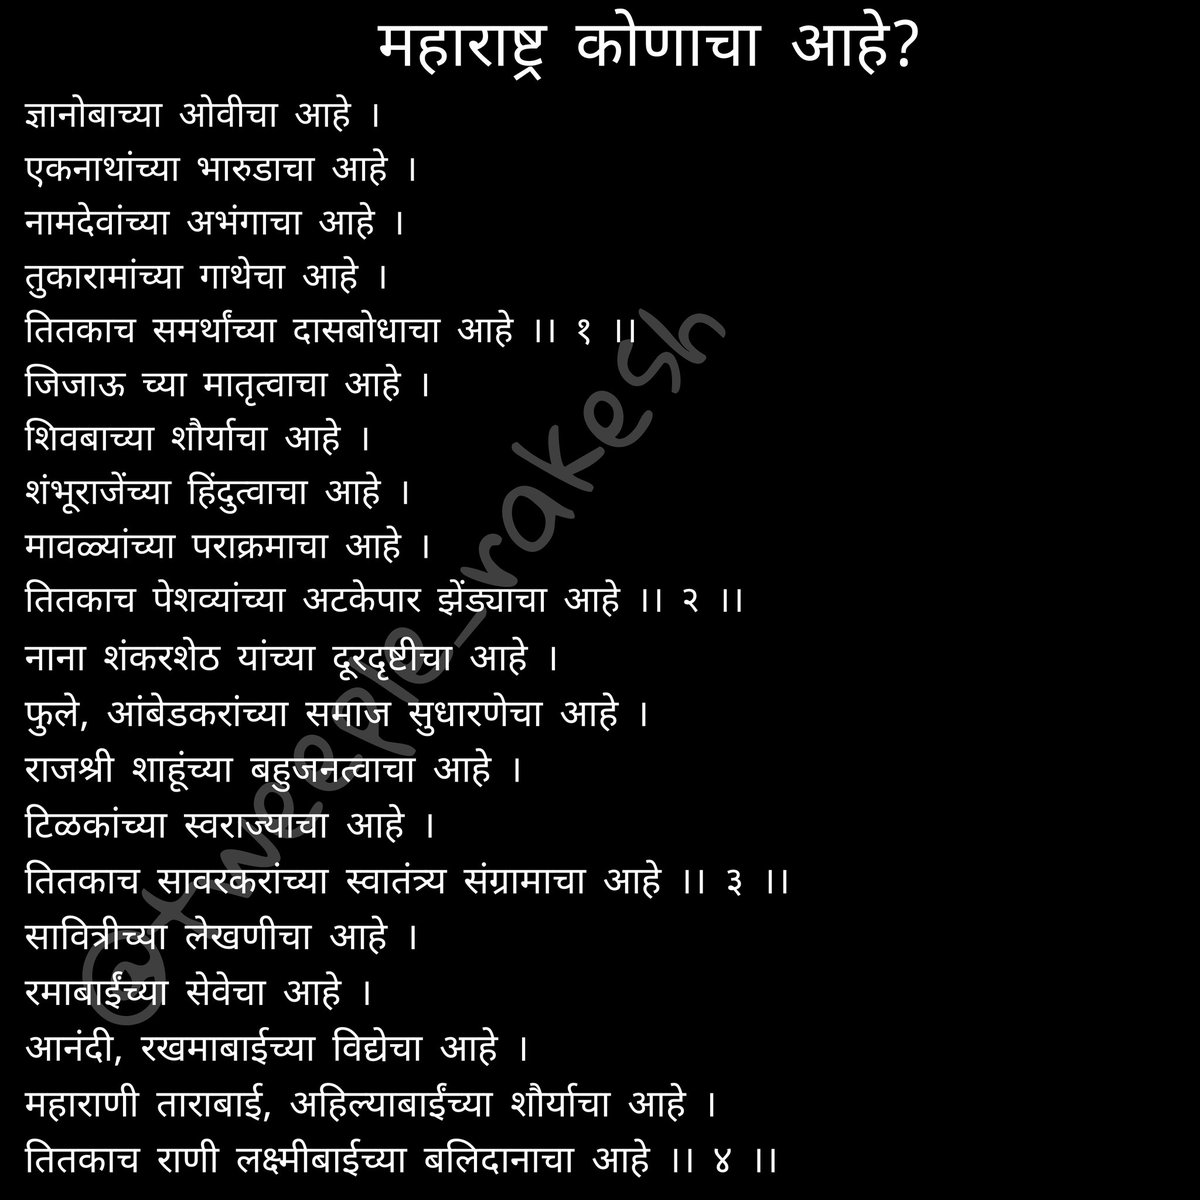 महाराष्ट्रदिनाच्या दिवशी मी लिहलेली जुनी कविता पुन्हा शेअर करतोय...

#महाराष्ट्रदिन 
#MaharashtraDin
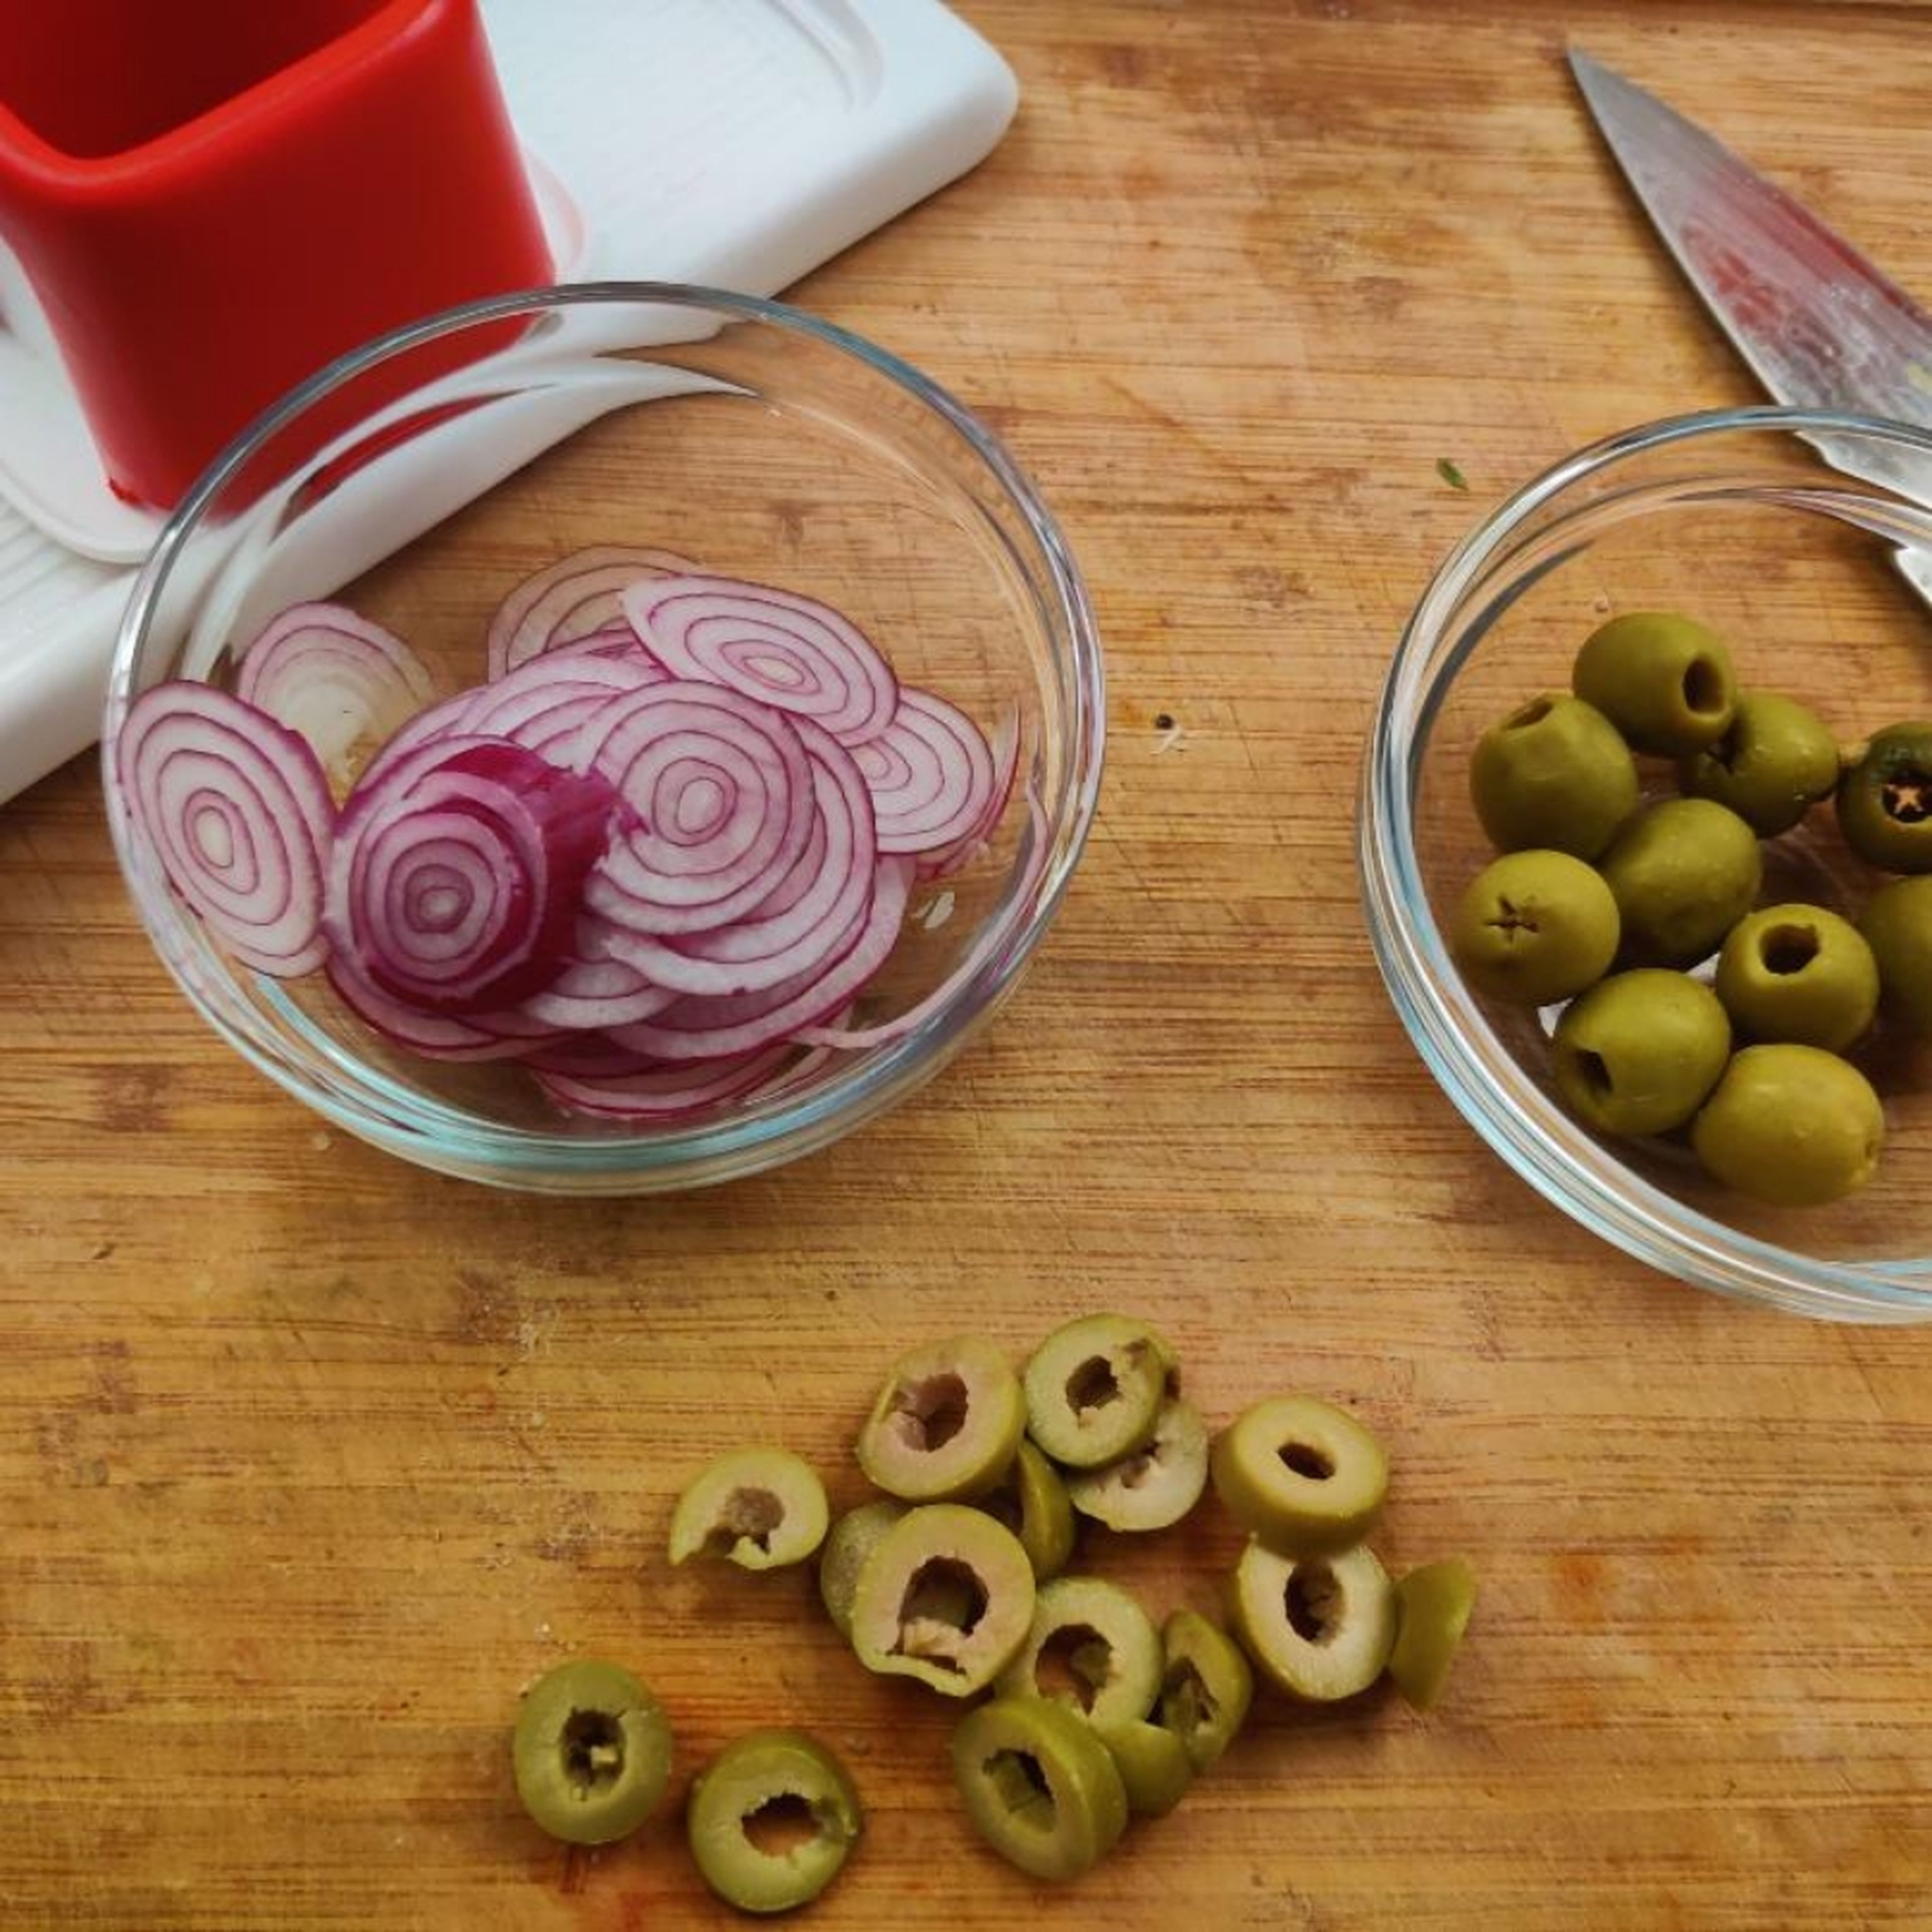 Backofen auf 200°C (Umluft, 220g Ober-Unterhitze) vorheizen. Die Oliven in Ringe schneiden. Die Zwiebel dünn hobeln (oder mit einem Messer in dünne Scheiben schneiden). Die Zwiebelscheiben auseinander nehmen, so dass Ringe entstehen.
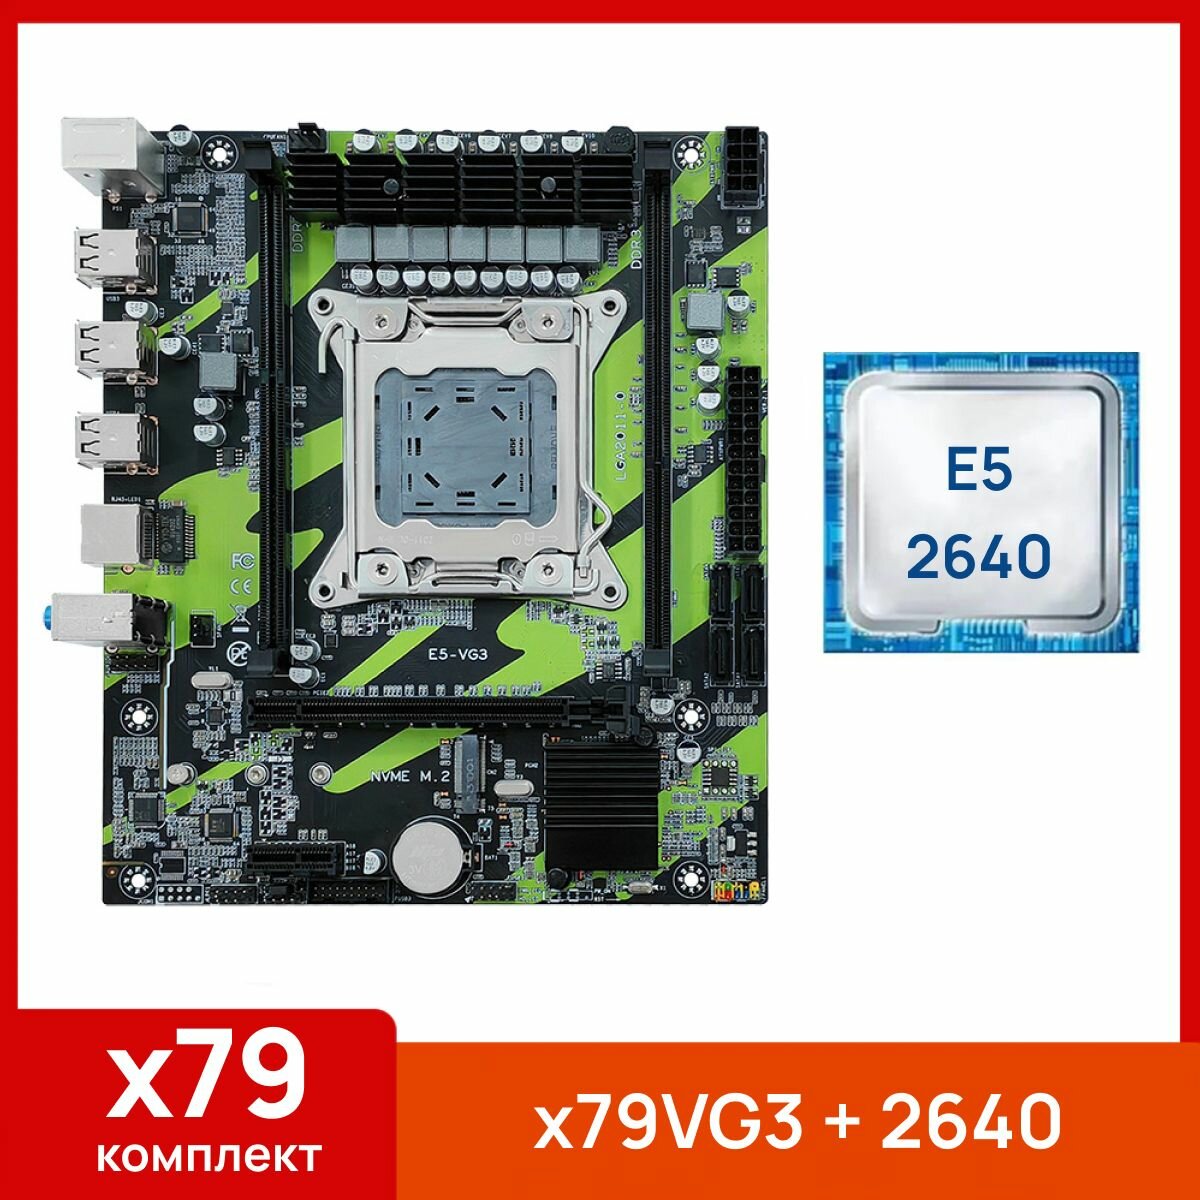 Комплект: Atermiter X79VG3 + Xeon E5 2640
+++
Task requirements: Word for word, give again the lines from the line holding "Backofen auf 200°C" through the last line of the material, both included; pictures are not part of the copy.

Exercise result:
 Backofen auf 200°C (Umluft, 220g Ober-Unterhitze) vorheizen. Die Oliven in Ringe schneiden. Die Zwiebel dünn hobeln (oder mit einem Messer in dünne Scheiben schneiden). Die Zwiebelscheiben auseinander nehmen, so dass Ringe entstehen.
 Комплект: Atermiter X79VG3 + Xeon E5 2640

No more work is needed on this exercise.